In some implementations, each mismatch encoded in the list of mismatches of an imperfectly mapped read (e.g., encoded according to the first or second encoding process) can be encoded on 1 byte. More precisely, each mismatch of an imperfectly mapped read that is to be encoded according to the first or second encoding process may be encoded as follows: (i) the two first bits of the byte are used to encode the alternate nucleotide or base present in the read instead of the corresponding reference nucleotide or base in the reference sequence, (ii) the six last bits are used to encode the position of the mismatch in the reference sequence, said position being computed as an offset from the previous mismatch of the read. This computed position can be a relative position of the mismatch, except for the first mismatch of the read for which the absolute position is encoded. The range of this offset, which is encoded on 6 bits, can therefore be [0-63].

The encoded, or compressed, record that result from the completion of the processes can be stored in a memory or other storage device of the control unit 104. In some implementations, this encoded, or compressed, record can be stored in the memory or other storage device of the control unit 104 in a manner that maintains the sequence ordering of the read records. This helps to ensure that compression of the aligned read records is lossless since even the initial sequence ordering of the aligned read records is preserved.

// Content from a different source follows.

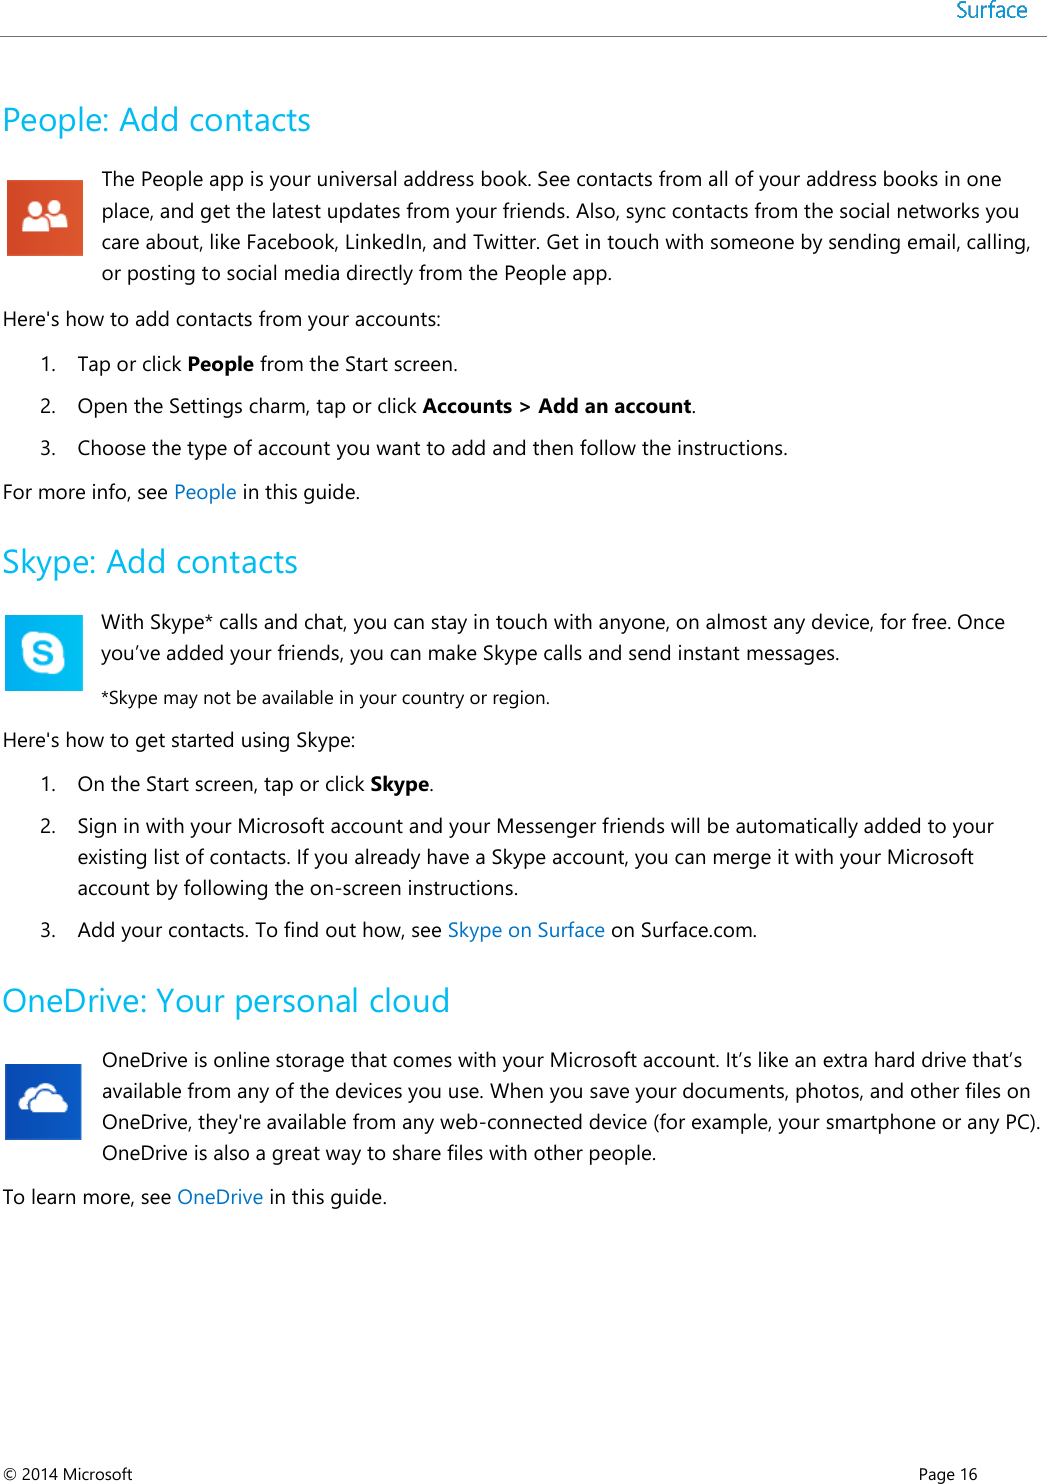  © 2014 Microsoft      Page 16  People: Add contacts  The People app is your universal address book. See contacts from all of your address books in one place, and get the latest updates from your friends. Also, sync contacts from the social networks you care about, like Facebook, LinkedIn, and Twitter. Get in touch with someone by sending email, calling, or posting to social media directly from the People app. Here&apos;s how to add contacts from your accounts: 1. Tap or click People from the Start screen.  2. Open the Settings charm, tap or click Accounts &gt; Add an account. 3. Choose the type of account you want to add and then follow the instructions.  For more info, see People in this guide. Skype: Add contacts With Skype* calls and chat, you can stay in touch with anyone, on almost any device, for free. Once you’ve added your friends, you can make Skype calls and send instant messages.  *Skype may not be available in your country or region. Here&apos;s how to get started using Skype: 1. On the Start screen, tap or click Skype. 2. Sign in with your Microsoft account and your Messenger friends will be automatically added to your existing list of contacts. If you already have a Skype account, you can merge it with your Microsoft account by following the on-screen instructions. 3. Add your contacts. To find out how, see Skype on Surface on Surface.com. OneDrive: Your personal cloud OneDrive is online storage that comes with your Microsoft account. It’s like an extra hard drive that’s available from any of the devices you use. When you save your documents, photos, and other files on OneDrive, they&apos;re available from any web-connected device (for example, your smartphone or any PC). OneDrive is also a great way to share files with other people.  To learn more, see OneDrive in this guide.     
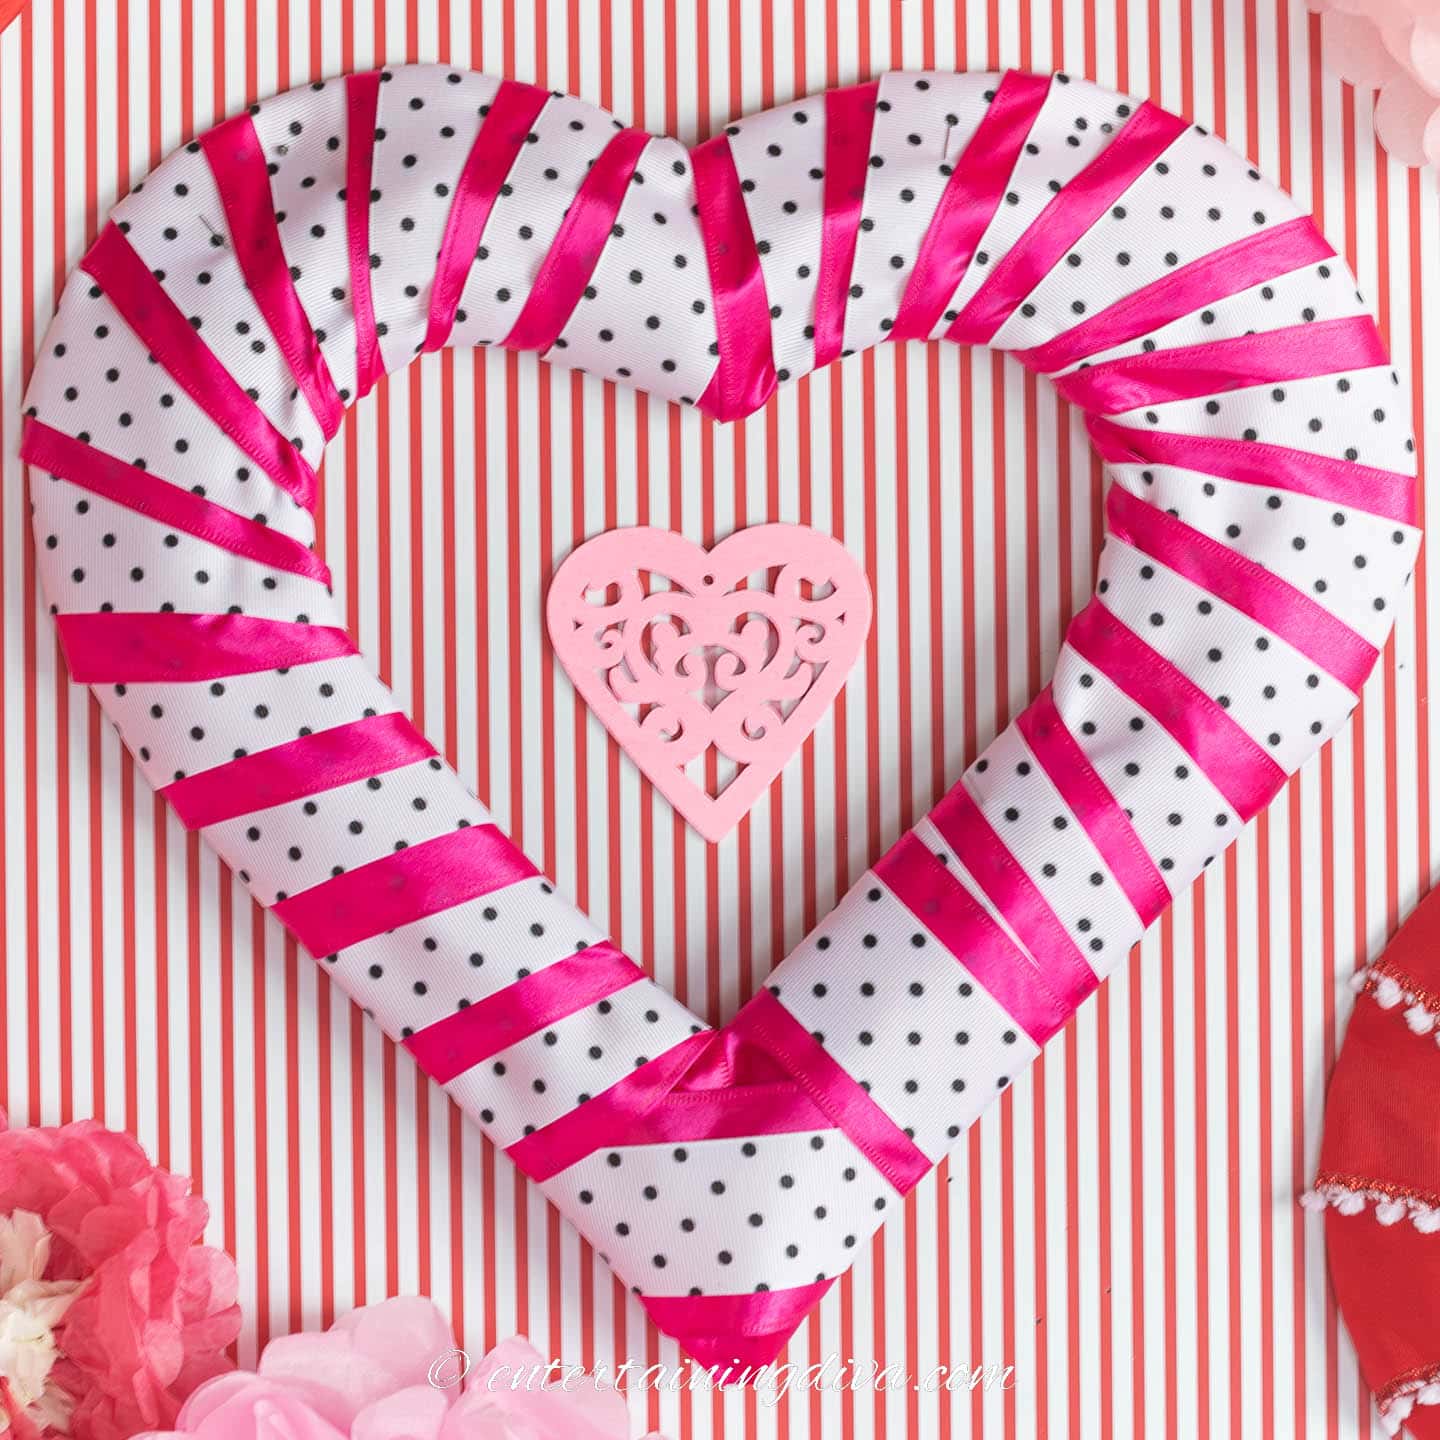 DIY heart wreath made from bright pink ribbon layered with white and black ribbon

Once a read—e.g., a read of the sample 118—is encoded using the first encoding module 318, the compression engine 120 can store the encoded read in a memory or other storage device at stage 322. The compression engine 120 can determine, at stage 324, whether there is another, sequentially ordered aligned read that is to be compressed. And, if there is another, sequentially ordered aligned read that is to be compressed, the compression engine 120 can execute the operations of stage 302 in order to obtain the next sequentially ordered aligned read record and execute the process 300 again. The compression engine 120 can continue to iteratively execute process 300 until no more sequentially ordered aligned read records are identified at stage 324. Upon such a determination, the process 300 can terminate at stage 326.

“YES” Branch of Stage 316

However, if the compression engine 120 determines at stage 316 that the read does include more than a second threshold number of undetermined bases “N,” then the compression engine 120 can use the second encoding module 310 to encode the read into 4 bits 310a using the second encoding process described in this document. Once a read is encoded using the second encoding process 310 using 4-bit encoding 310a, the compression engine 120 can store the encoded read in a memory or other storage device at stage 322. The compression engine 120 can determine, at stage 324, whether there is another, sequentially ordered aligned read that is to be compressed. And, if there is another, sequentially ordered aligned read that is to be compressed, the compression engine 120 can execute the operations of stage 302 in order to obtain the next sequentially ordered aligned read record and execute the process 300 again. The compression engine 120 can continue to iteratively execute process 300 until no more sequentially ordered aligned read records are identified at stage 324. Upon such a determination, the process 300 can terminate at stage 326.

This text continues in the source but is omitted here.